### Raw data
====

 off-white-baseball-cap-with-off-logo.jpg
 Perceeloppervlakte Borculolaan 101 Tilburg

====

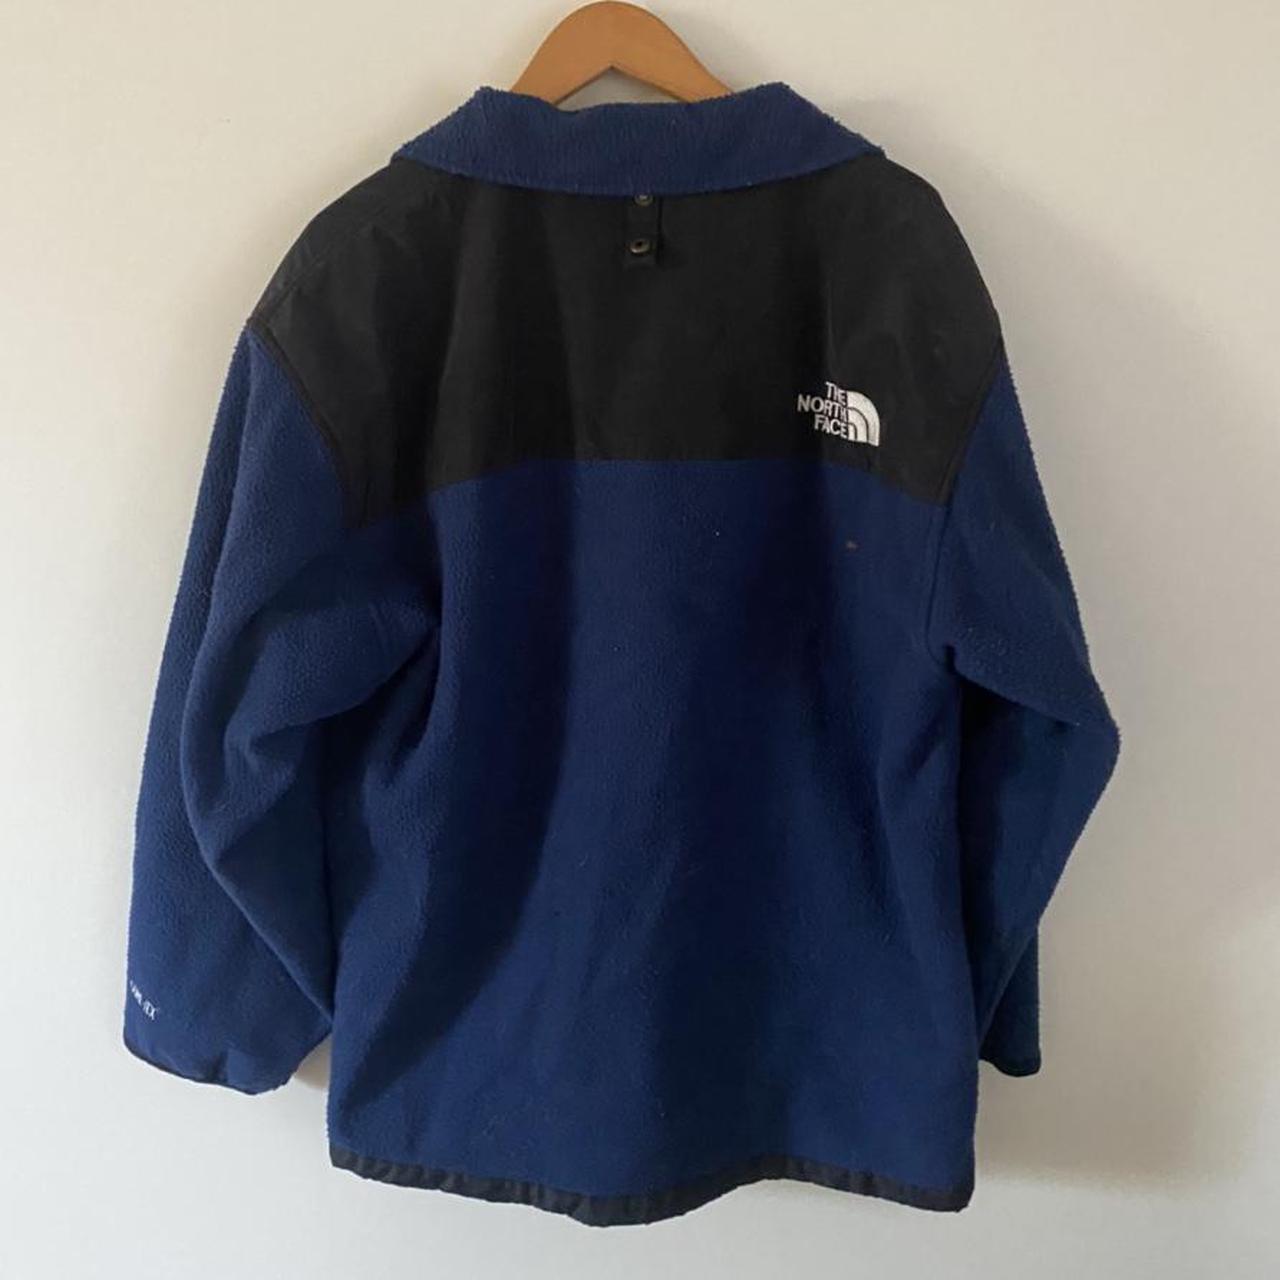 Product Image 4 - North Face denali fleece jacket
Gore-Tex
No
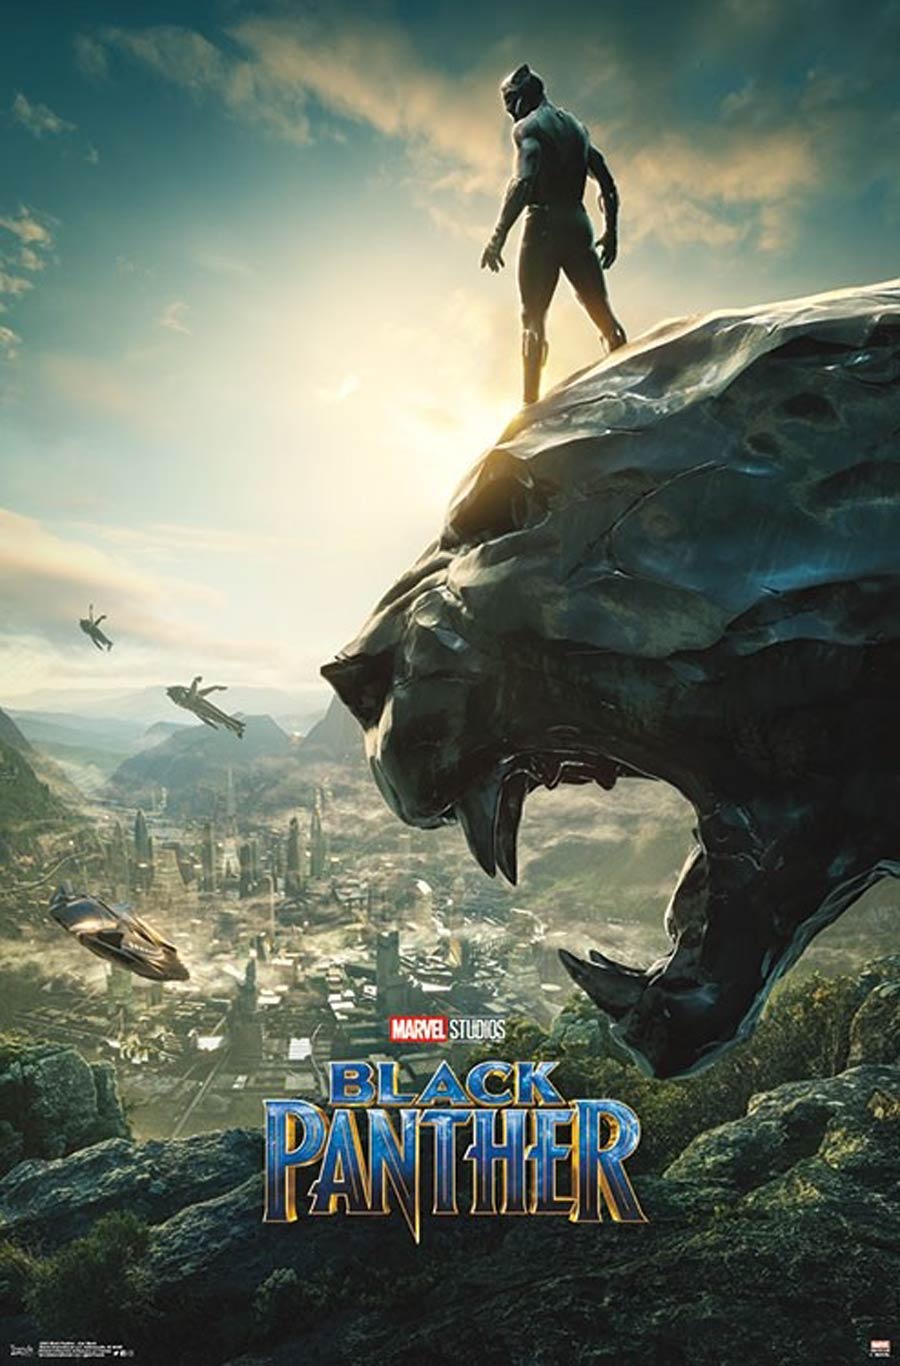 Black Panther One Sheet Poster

====

Set down only the lines above that fall between the line holding "off-white-baseball-cap-with-off-logo.jpg" and the line holding "Perceeloppervlakte Borculolaan 101 Tilburg", inclusive, keeping each exact.

### Reply to the task
 off-white-baseball-cap-with-off-logo.jpg
 Perceeloppervlakte Borculolaan 101 Tilburg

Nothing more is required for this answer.